We are in the middle of a decade when we expect the NHS to cope with substantially increased demand and service expectations on an annual budget increase of roughly 1% a year in real terms for 10 years. Before this decade, successive Governments provided the NHS with a real-terms annual increase averaging 3% to 4%. It is virtually impossible, I suggest, to retain a good-quality labour force, meet rising demands, improve quality, and redesign service delivery on a 1% annual real-terms increase for a whole decade, ending up with 7% of GDP, roughly, being spent on our NHS.

By 2020, the combined health and care system will face a funding gap, I would suggest, of some £35 billion a year, with the 2015 spending review closing that gap, on the most favourable interpretation, by about £10 billion. The rest of the money comes from our old friends: pay restraint, new ways of working, and better productivity. I accept that the NHS could use its existing resources much better but, even if the NHS delivered all the proposals of the noble Lord, Lord Carter of Coles—a very big “if”—it would not close the funding gap.

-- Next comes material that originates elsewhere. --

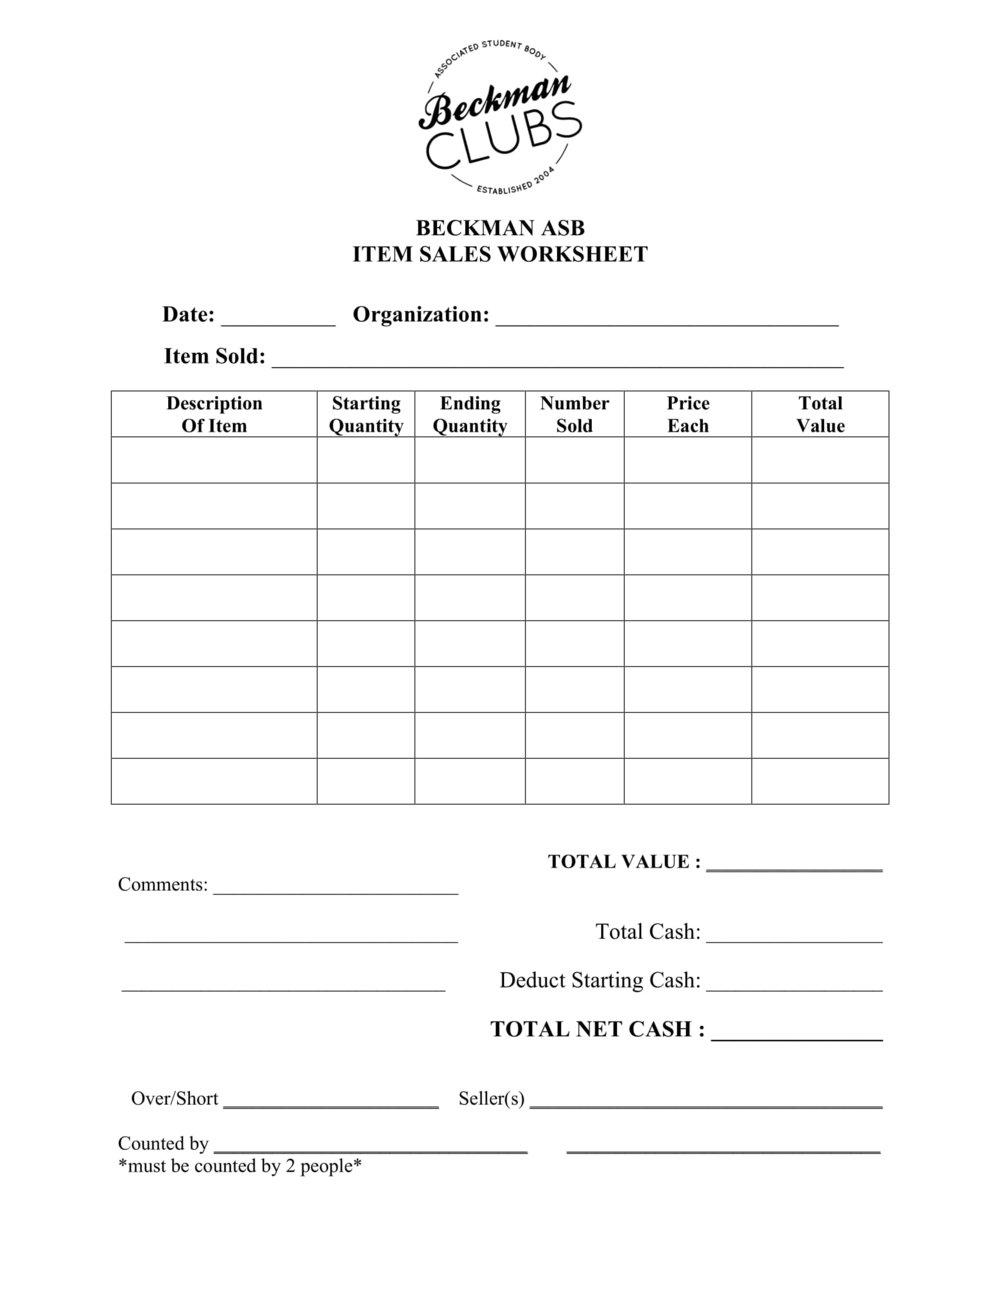 Item Inventory Form-1.jpg

The 2015 spending review totally fails to deliver a credible funding strategy and actually makes a bad situation worse by failing to provide any kind of viable funding system for publicly funded adult social care or public health. The NHS and social care are confronted not with a managerial or professional failure but with a failure by politicians across the political spectrum to engage with the public on how we fund a sustainable, integrated health and social care system over the longer term.

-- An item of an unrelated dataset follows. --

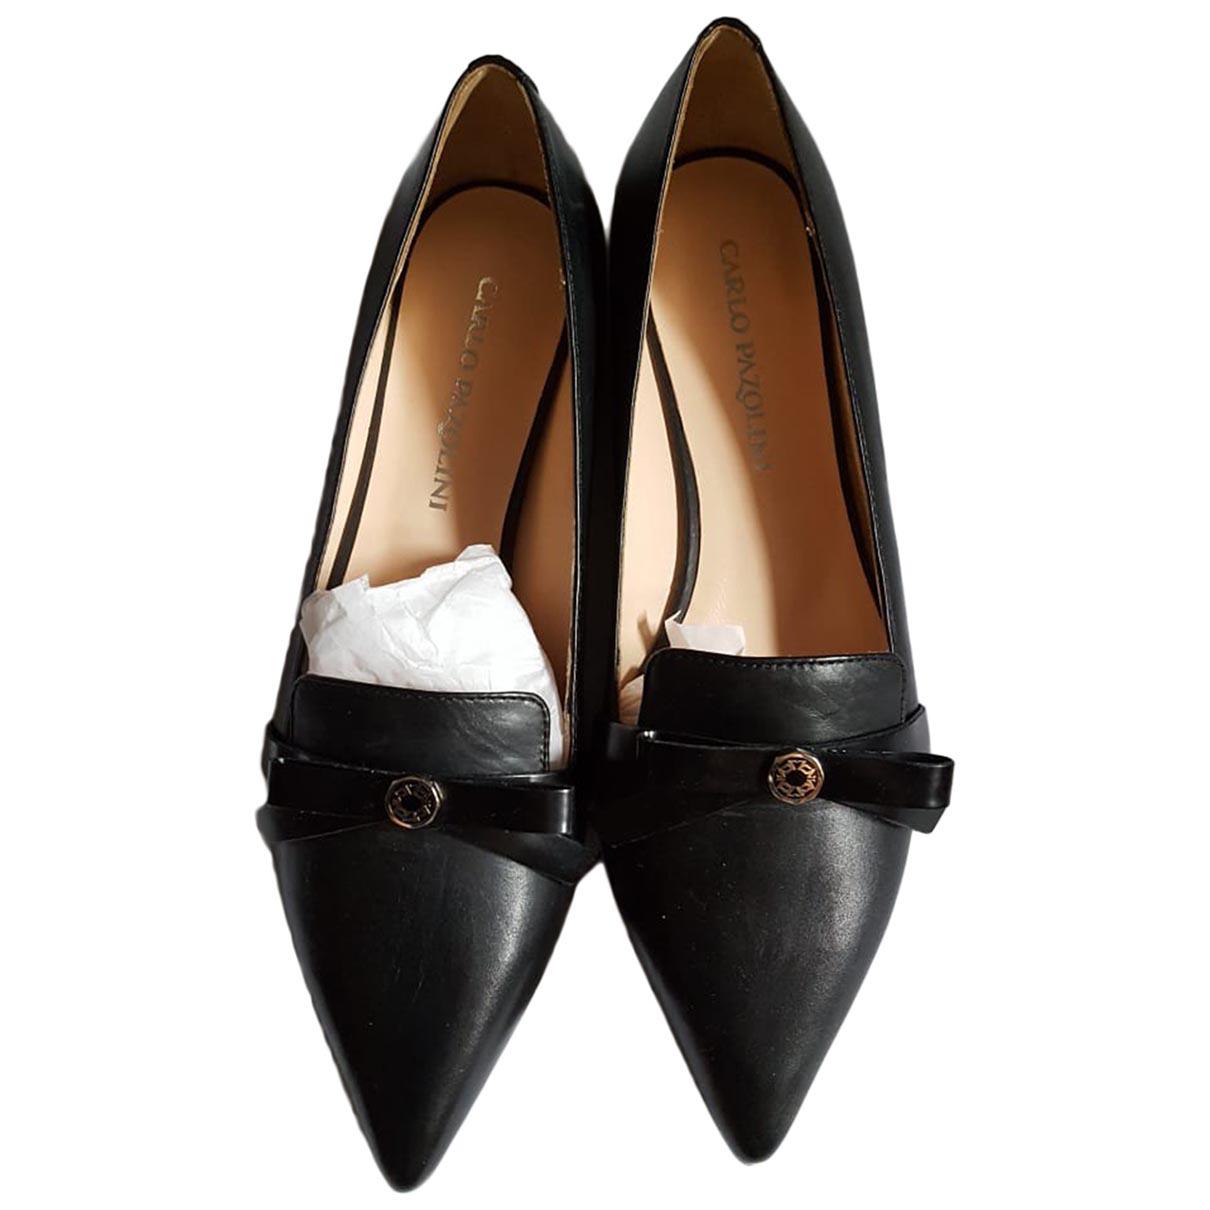 Carlo Pazolini \N Black Leather Ballet flats for Women 36 EU

To have good-quality and readily accessible health and care services, largely free at the point of clinical need, the public have to be helped to understand that they must pay for them, whether through more taxation, some form of co-payment, or a combination of the two. To get to grips with this rather politically unpalatable truth, we need an authoritative, independent inquiry that will work quickly to examine the possible options for new funding streams to provide some buoyancy and future-proofing. The Front Benches in both Houses need to get behind the ideas of either the noble Lord, Lord Fowler, or the Liberal Democrats, outlined by Norman Lamb in his 10-minute rule Bill. We need to start acting now to future-proof the NHS’s funding.

Residential Care: Cost Cap

Lord Warner Excerpts
Thursday 10th December 2015

(8 years, 5 months ago)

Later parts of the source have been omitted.